The advancement and integration of AI also poses a significant threat in exacerbating existing biases. For example, AI used in facial recognition technology (FRT) has proven to be disproportionally inaccurate when identifying African Americans as compared to whites. In a study done by Joy Buolamiwini, a leading researcher challenging bias in decision making software, error rates, made up of mismatches and no registering of a face, for leading FR algorithms were significantly higher for people of color, particularly black females, than whites. In the study, the skin tones were classified as follows: people of color were classified as darker, whites were classified as lighter, women of color were classified as darker females, white women were classified as lighter females, etc. Microsoft’s MSFT had an error rate of 12.9% for darker skin tones, 20.8% for darker females, and only a .7% error rate for lighter skin tones (. Face++ completed the trial with an error rate of16.5% for darker IDs, 34.5% for darker females, and 4.7% for lighter IDs. Lastly, IBM’s software had error rates of 22.4% for darker skin tones, a significant 34.5%error rate for darker females, and for lighter skin tones a 3.2% error rate.

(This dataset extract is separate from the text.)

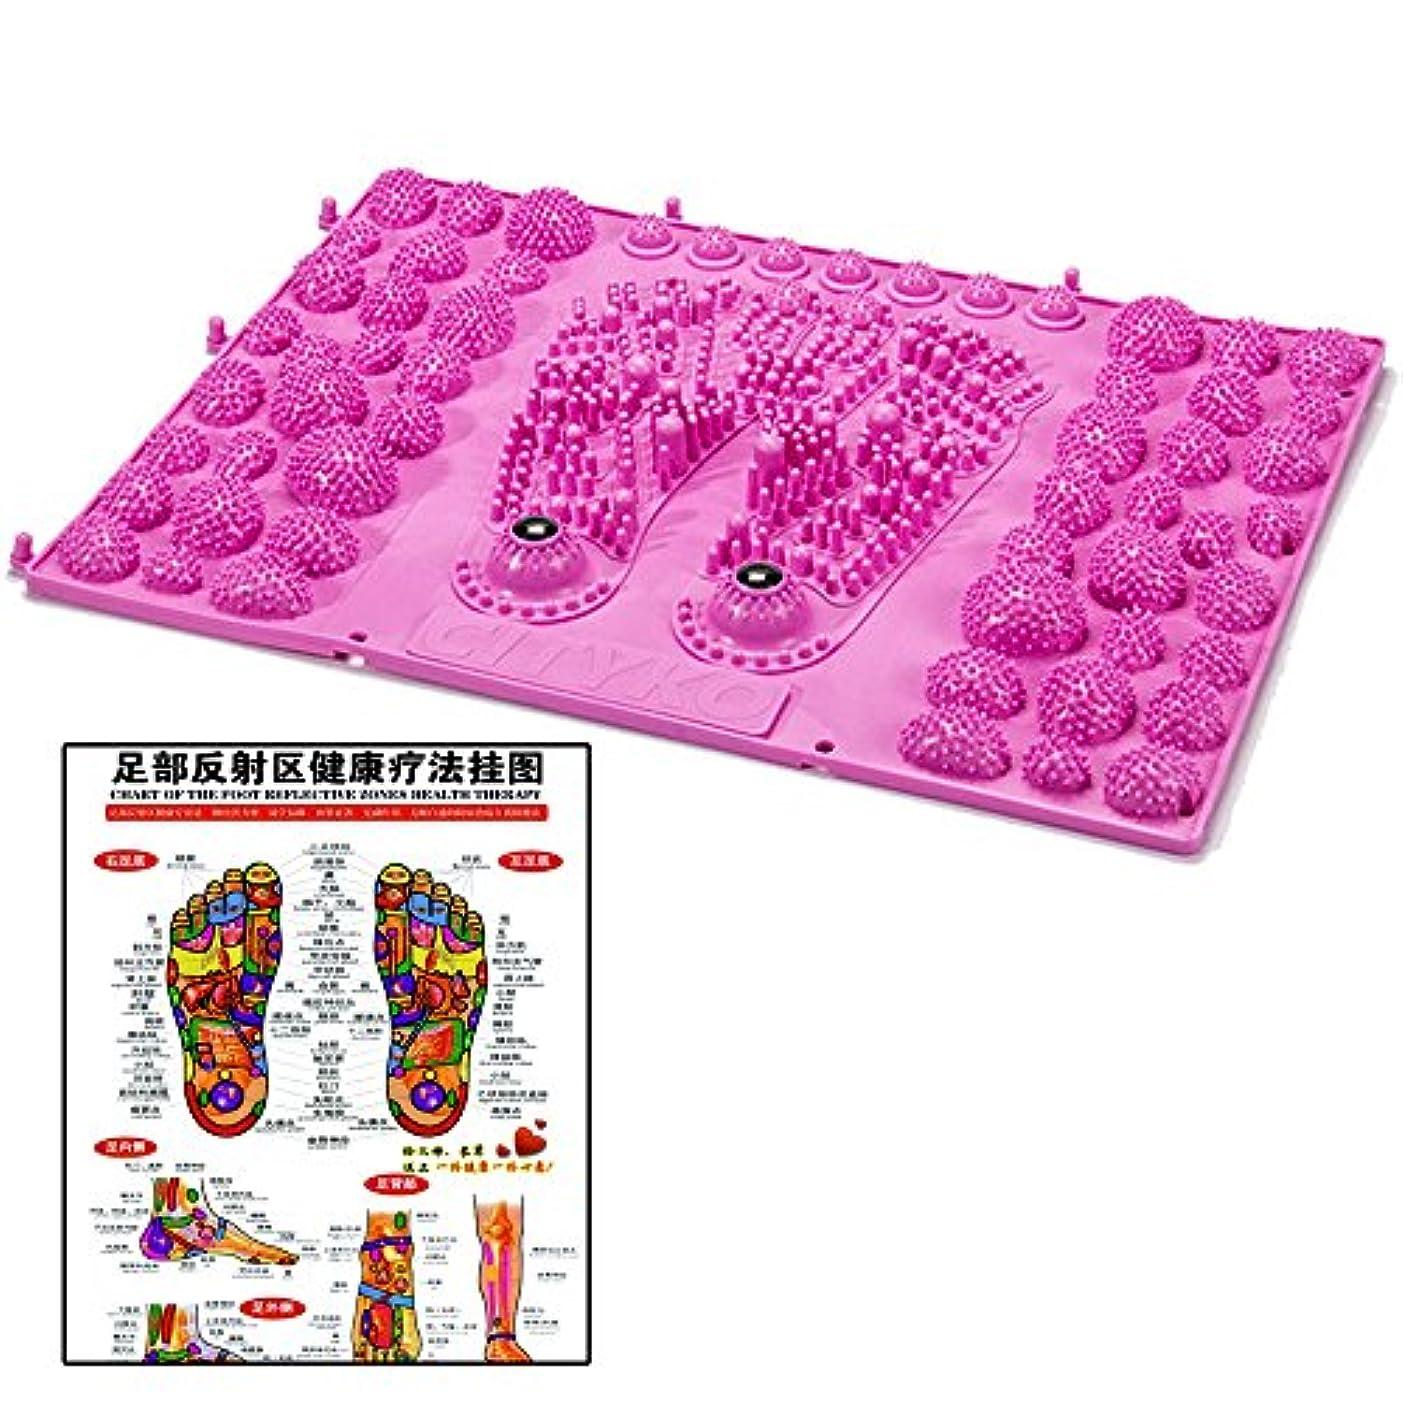 自治的自発不振(POMAIKAI) 足型 足ツボ 健康 マット ダイエット 足裏マッサージ 反射区 マップ セット (ピンク)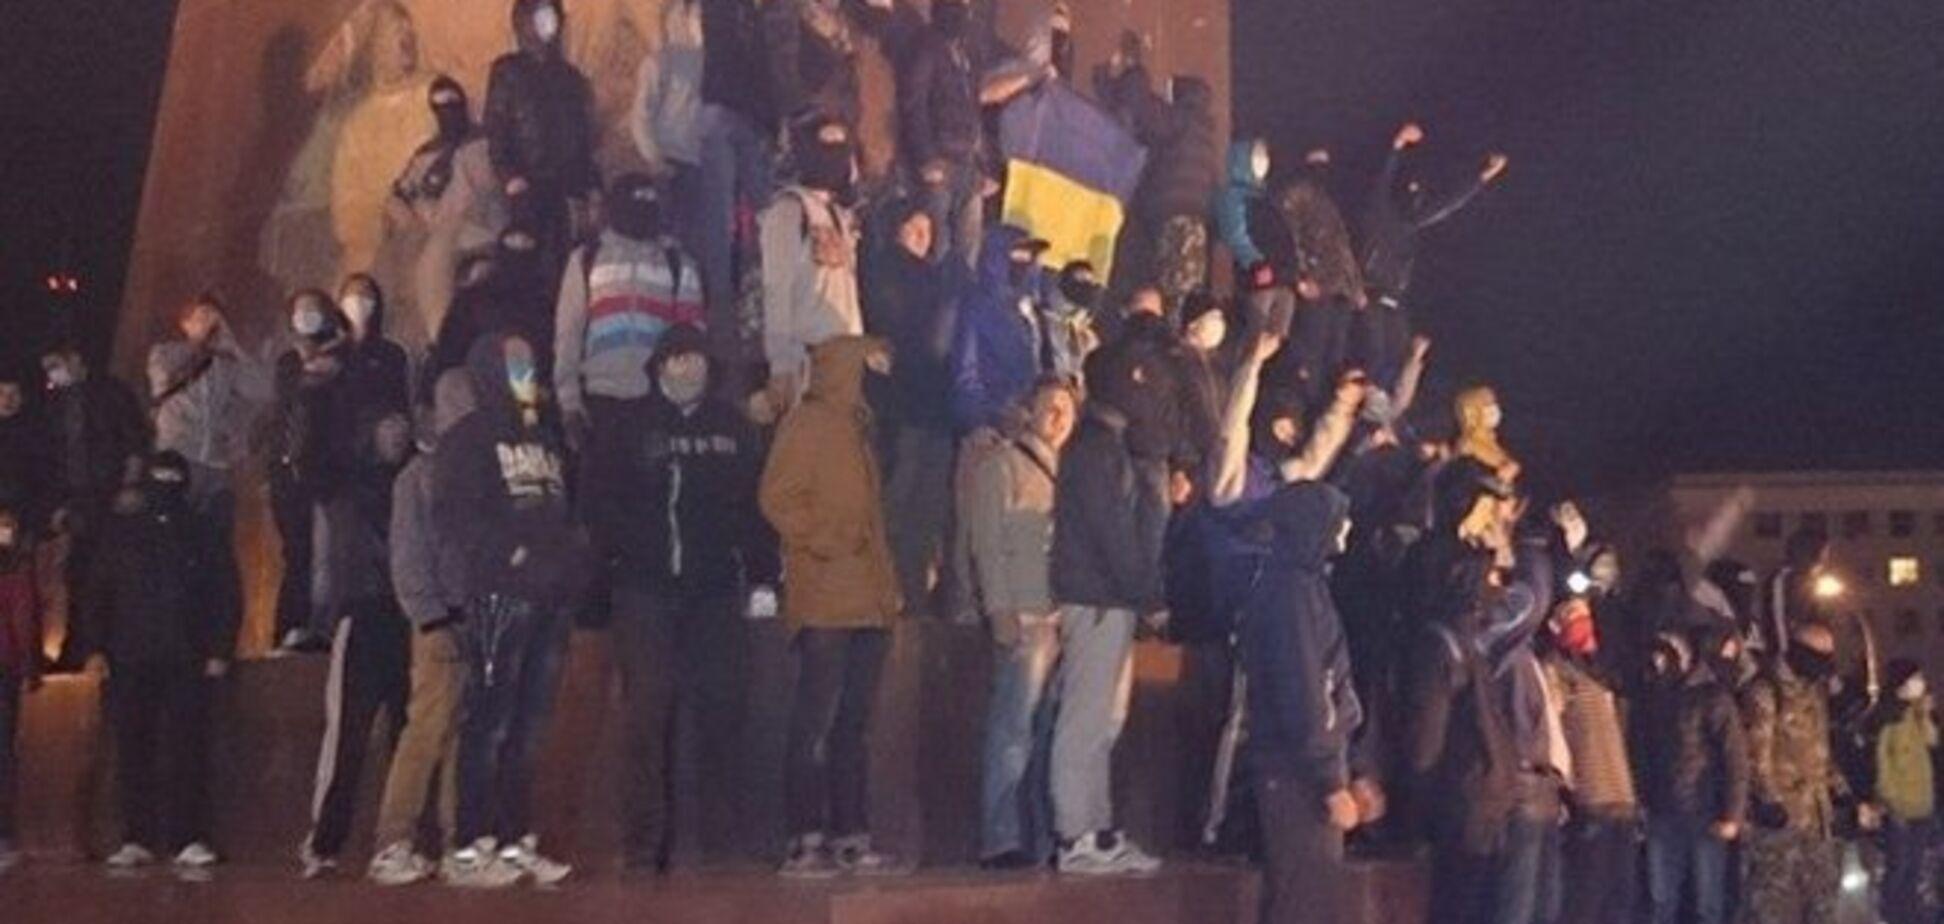 В стычке между харьковскими 'ультрас' и сторонниками Ленина есть раненые

Some scholars attribute the algorithmic shortcomings and bias to the lack of diversity in the data training sets for the FRT and lack of representation of minorities in the stem field in general. Lastly, aggravating the situation, the federal and state mugshot databases used for FR have a higher number of minority -African American, Latino, and immigrant- headshots than white headshots. As one scholar notes, the FRT will be overused and underperform on people of color.
In sum, for these reasons, the Common Good Digital Framework will identify both good and poor digital practices to advocate for ethical guidelines, frameworks, and policy. This will create new norms, raising the sector ethos, and benefitting the common good. With this, security and trust will be increased for all of humanity.